It’s that time of the year again when we work through the budgeting process, which inevitably takes longer every year than anticipated. Every participant is fighting for their slice of the pie, and the inevitable conversation comes up to figure out whatright amount to spend on Security. No one wants to overspend, but underspending can also be disastrous. Phil Venables did a great job in a recent post on budgeting to approach it as a supply and demand problem. 

The issue we end up having as Security leaders is that Security programs tend to be multi-dimensional, while it appears unidimensional to those outside of the field. The unidimensional view is backed by the typical platitude of measuring the Security budget as a percentage of the IT budget, rather than as a proportion of spending across a number of different budget areas. It’s time to dig in to understand how to get the appropriate Security funding, and stop answering the percentage of IT budget questions.

It is important at this point to discuss different types of spending that a business will account for. For the sake of this exercise, we will look at a typical SaaS business budgeting process, but this thinking can be applied to any business and the means of funding Security:

• R&D: The R&D Budget is allocated for the creation of products and services. This is the budget where the developers, product managers, and QA teams tend to live, and the technology that supports them. The R&D budget, in many cases in the United States, can also be capitalized and part of tax write offs for the business as part of doing research for new products. R&D costs exist up front in a product’s existence as part of building products, as well as fixing issues on an ongoing basis. When we say “shift left” it means that we are more and more in the R&D space.

• Cost-of-Goods-Sold (COGS): The COGS budget is what is needed in order to operate the product during its running life. In the SaaS example, this includes things like cloud hosting costs or datacenter operations costs, manpower around those environments, and other expenses related to delivery. COGS is used to calculate ongoing operating costs that impact product margins and profitability.

• Customer Acquisition Costs (CAC): The CAC budget is what it costs to find and onboard customers. The CAC budget typically includes sales and marketing expenses and the process of selling to a customer.

• General and Administrative (G&A): G&A budget is the overhead to run a business, and overhead is something that needs to be tightly controlled as it does not generate revenue. Teams typically covered under G&A include Information Technology (IT), Legal, Finance, Human Resources, etc.

There are other budget areas as well, but these four budget areas are the most important for this discussion with the SaaS example. Manufacturing will have other budget areas as will industries like health care, but we will start here.

As you read through these different areas, you can immediately start to see that Security teams actually touch a variety of these areas. It may become obvious that describing the entirety of the Security budget as a percentage of IT does not make sense.

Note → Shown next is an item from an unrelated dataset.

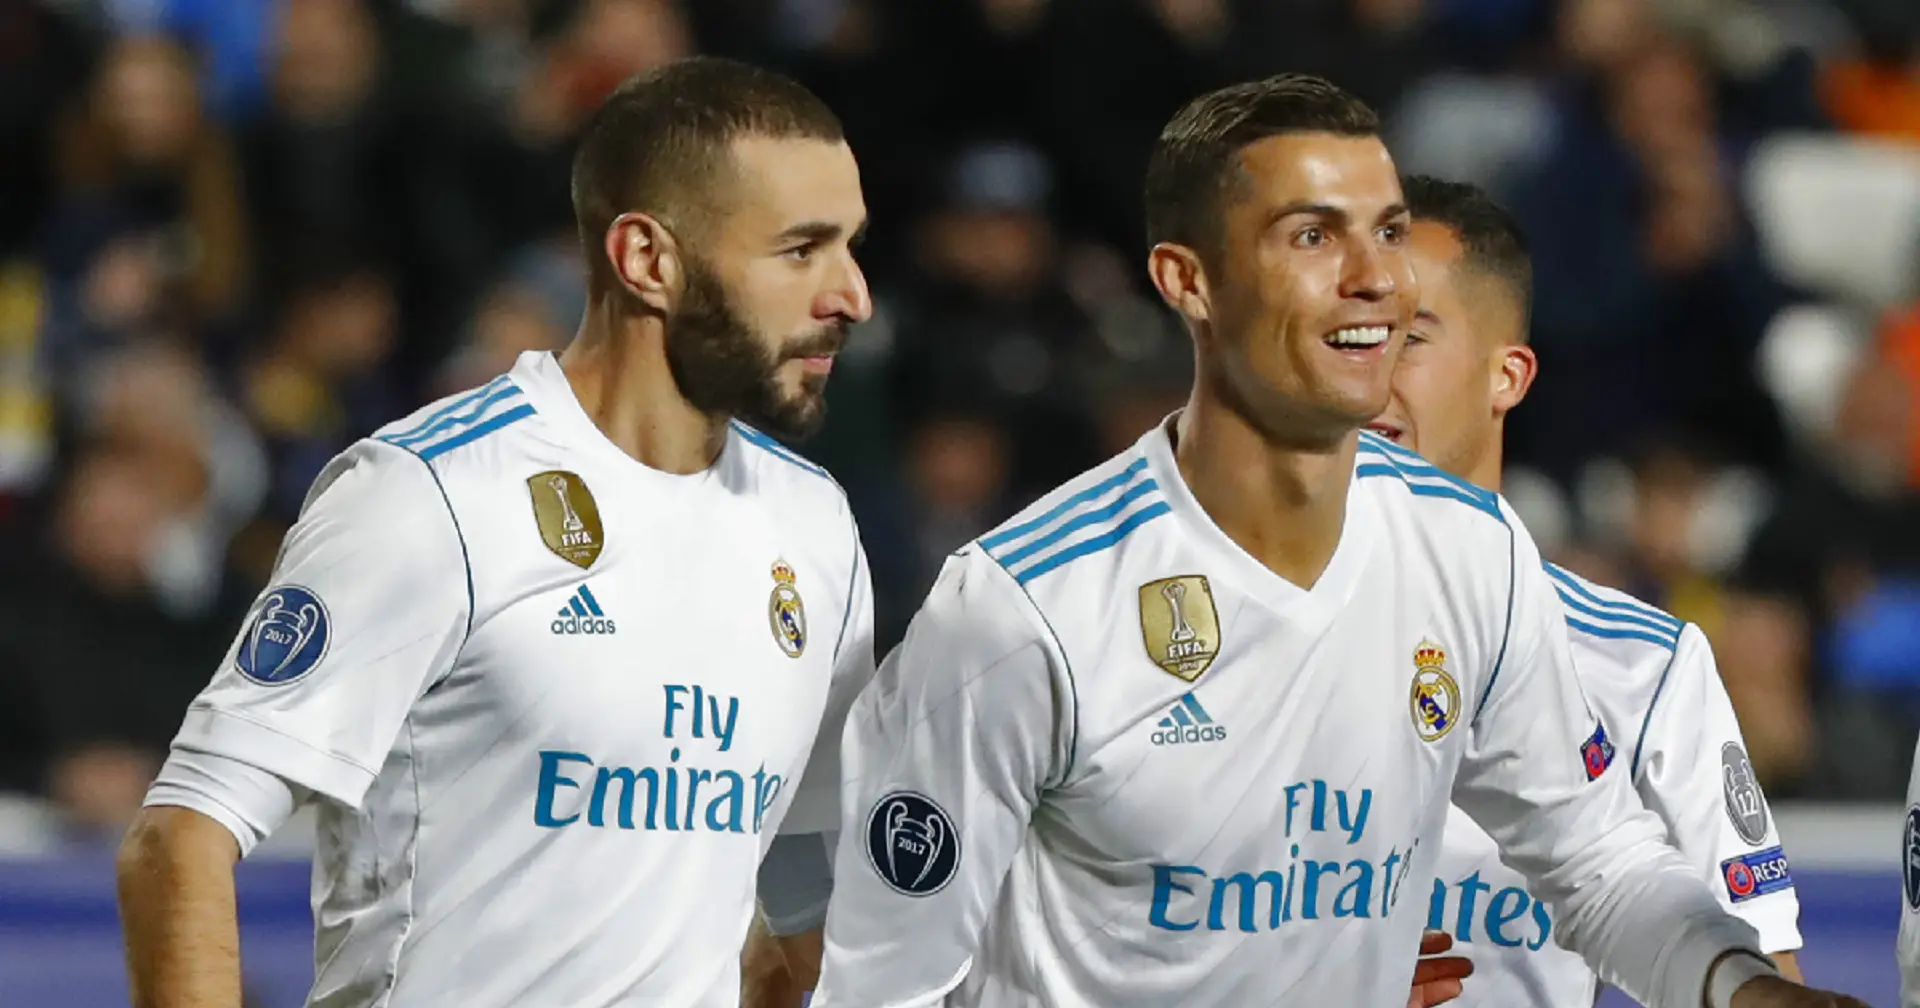 Ronaldo-Benzema rank 2nd among most prolific assist-providing duos in football
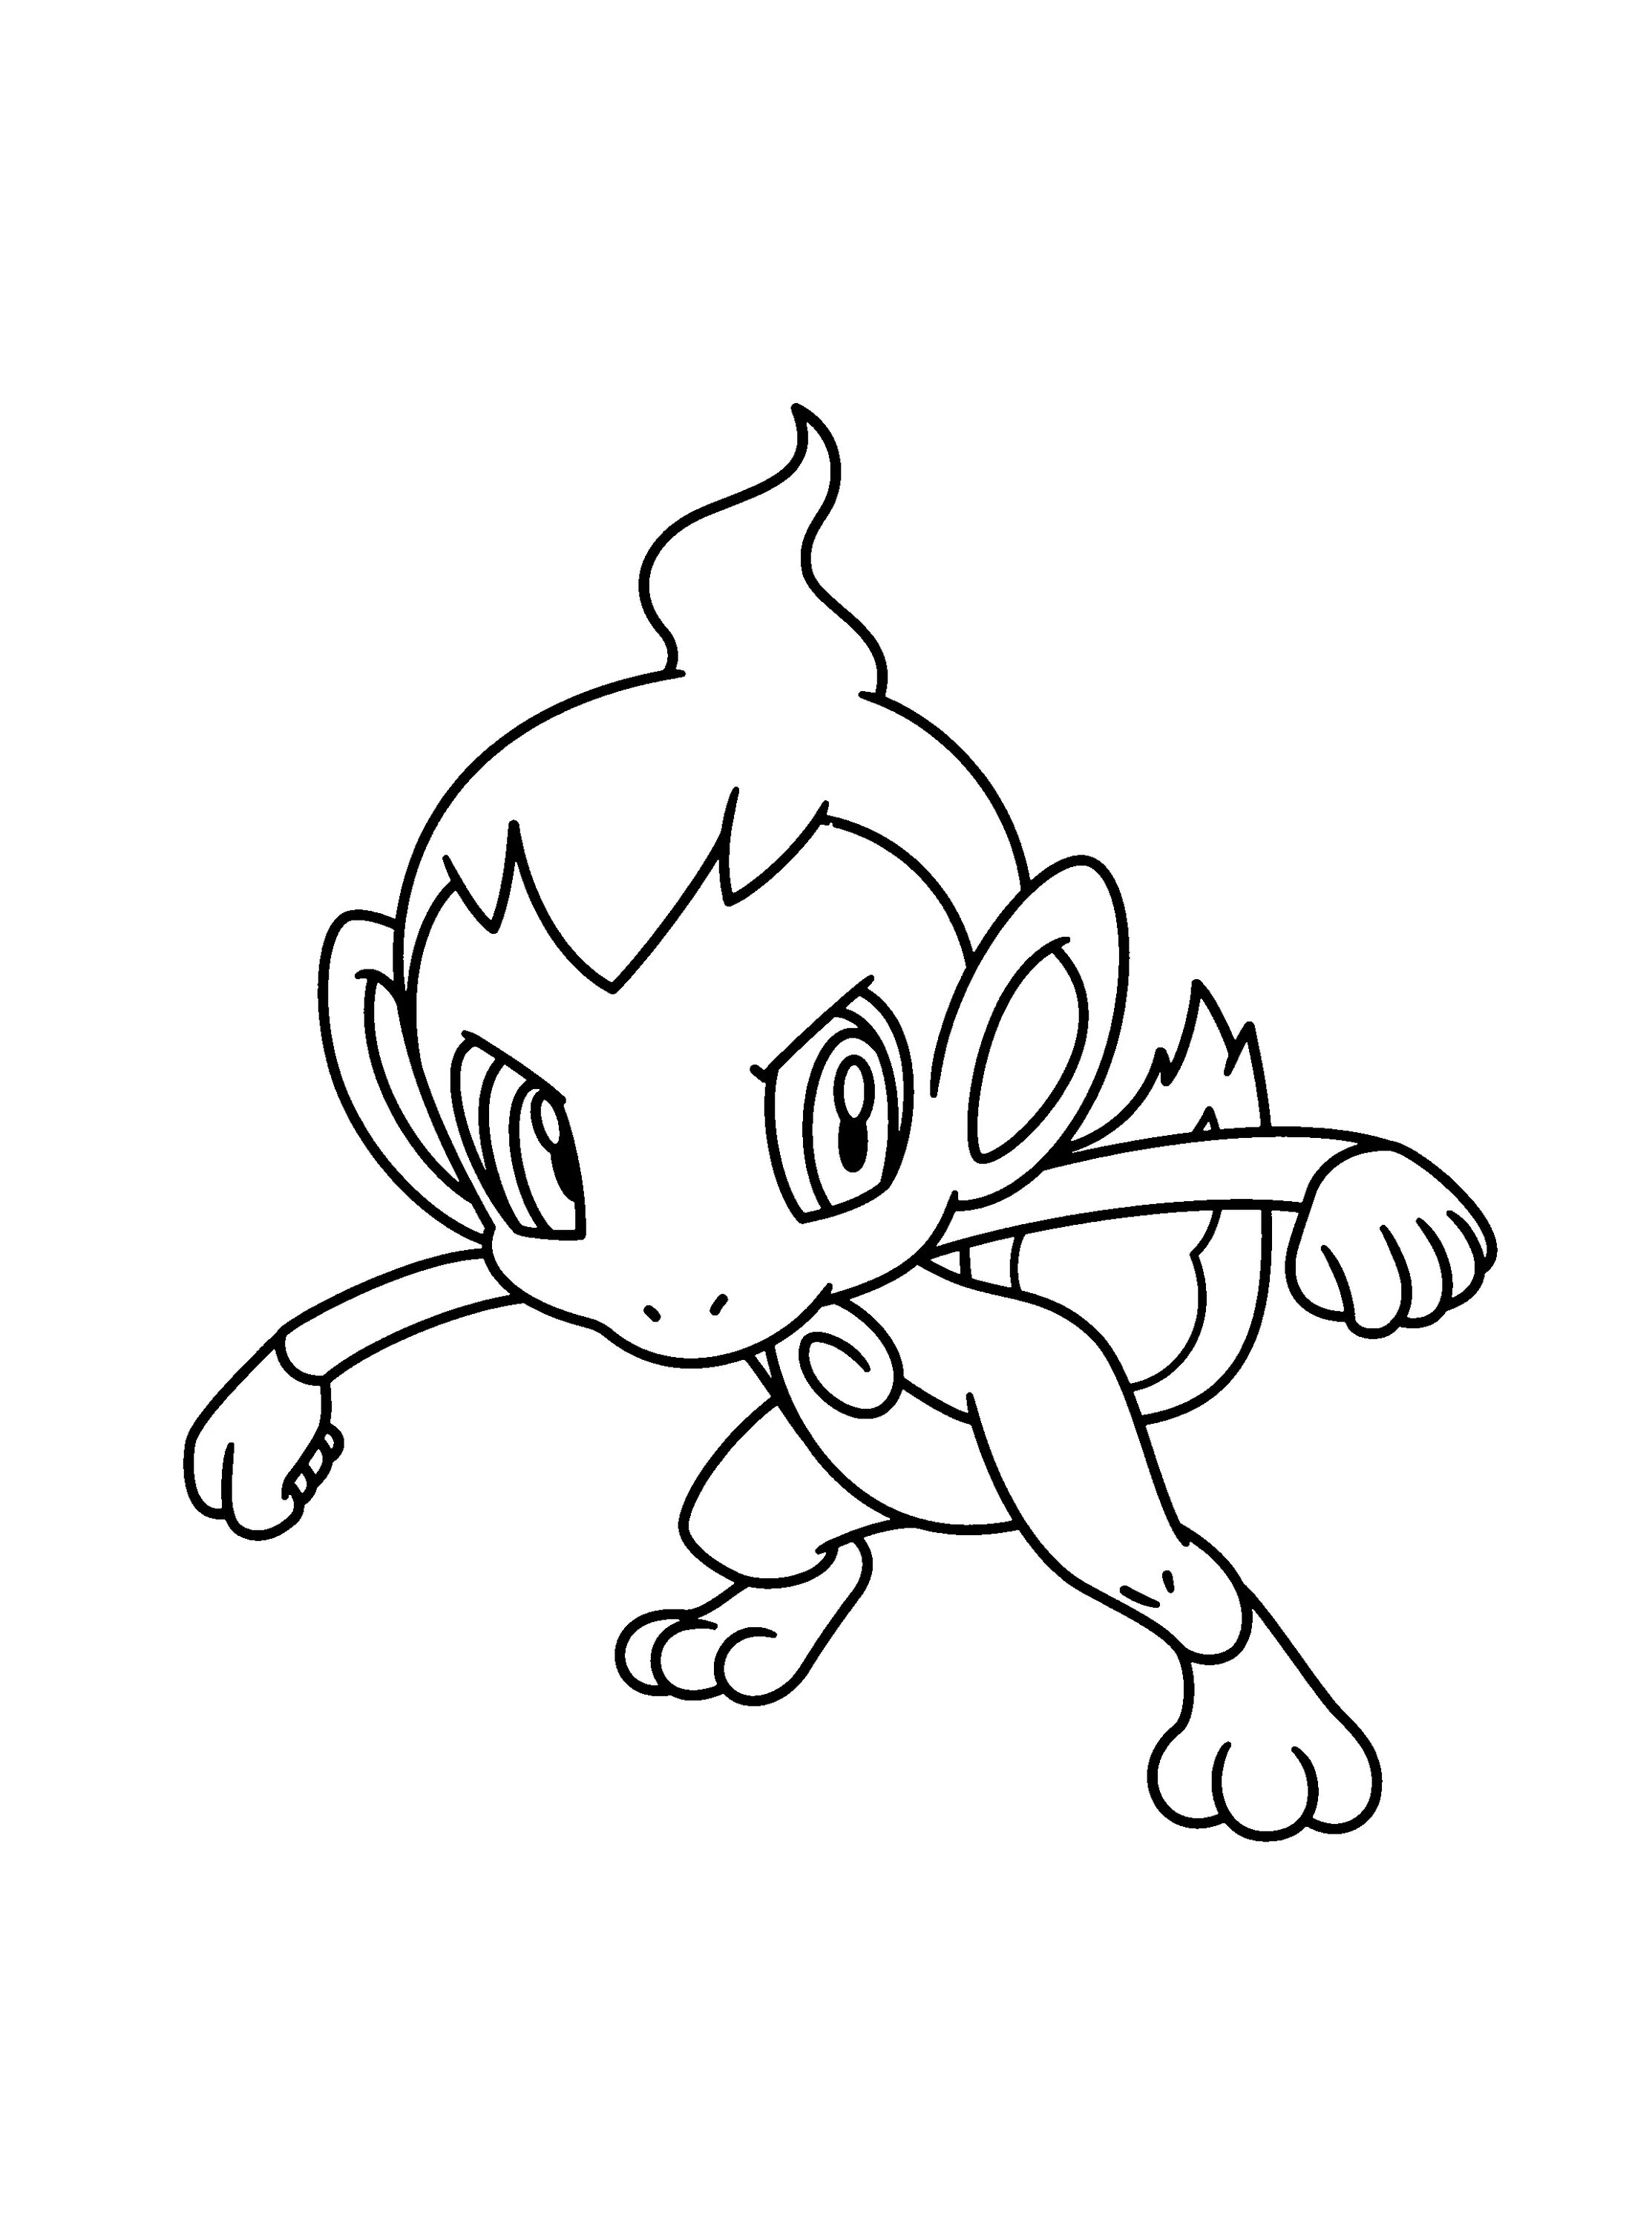 Coloring shiny chimchar

Moreover, if the entire budget is allocated to G&A, then Security will always be overhead, and it will become a perennial candidate for cutting costs.

Aligning Security to Budget Areas

One of the most important things a CISO can do is to start aligning different elements of the Security budget to the correct budget type. Once they are properly aligned we can then address scaling predictably to ensure ongoing proportional funding is provided to Security.

A typical Security organization for a SaaS company will consist of the following broad strokes groups:

• Product Security: Securing the product development and software development process, and the security of the products throughout their existence. This can include everything from threat modeling to product security incident response.
• Platform Security: Securing where things run whether they are in the cloud or on premise environments related to the products and services.
• Governance, Risk, and Compliance (GRC): Design and management of the organization’s governance controls and certifications required to operate, and managing risk on an ongoing basis.
• Enterprise Security: Securing where and how employees and contractors do their work for the organization. This can include securing endpoints, SaaS services used by the organization, identity, etc.

Each of the areas above have a strong linkage to the different budget areas enumerated earlier. We now need to define scaling factors for the Security budget that are foundational to ongoing budget discussions. Agreement on the scaling factors allows for the more strategic risk conversations to happen. The scaling factors should take into account headcount, consulting, software, and licensing costs germane to the area in question.

• Product Security -> R&D Budget: The Product Security team should be closely aligned to the investment and staffing levels of the R&D budget. One metric could be to determine a percentage of spend from R&D that should be applied to the Product Security team. Another is to scale headcount proportionately with a pre-defined ratio – e.g. 100:1 Developers-to-ProdSec (NB: this ratio is not a recommendation but an example). By agreeing on a ratio, the discussion isn’t the dollar amount of the Product Security budget, but more strategically about whether the ratio is correct for the organization. While the ratio can be used to scale up when the team grows, it can also be used to scale the team down when the number of engineers decreases. The ratio itself serves as a proxy for product complexity and velocity for which the Product Security team needs to account and stay ahead of. Also feel free to tell your CFO that those resources can now be capitalized just like the development teams.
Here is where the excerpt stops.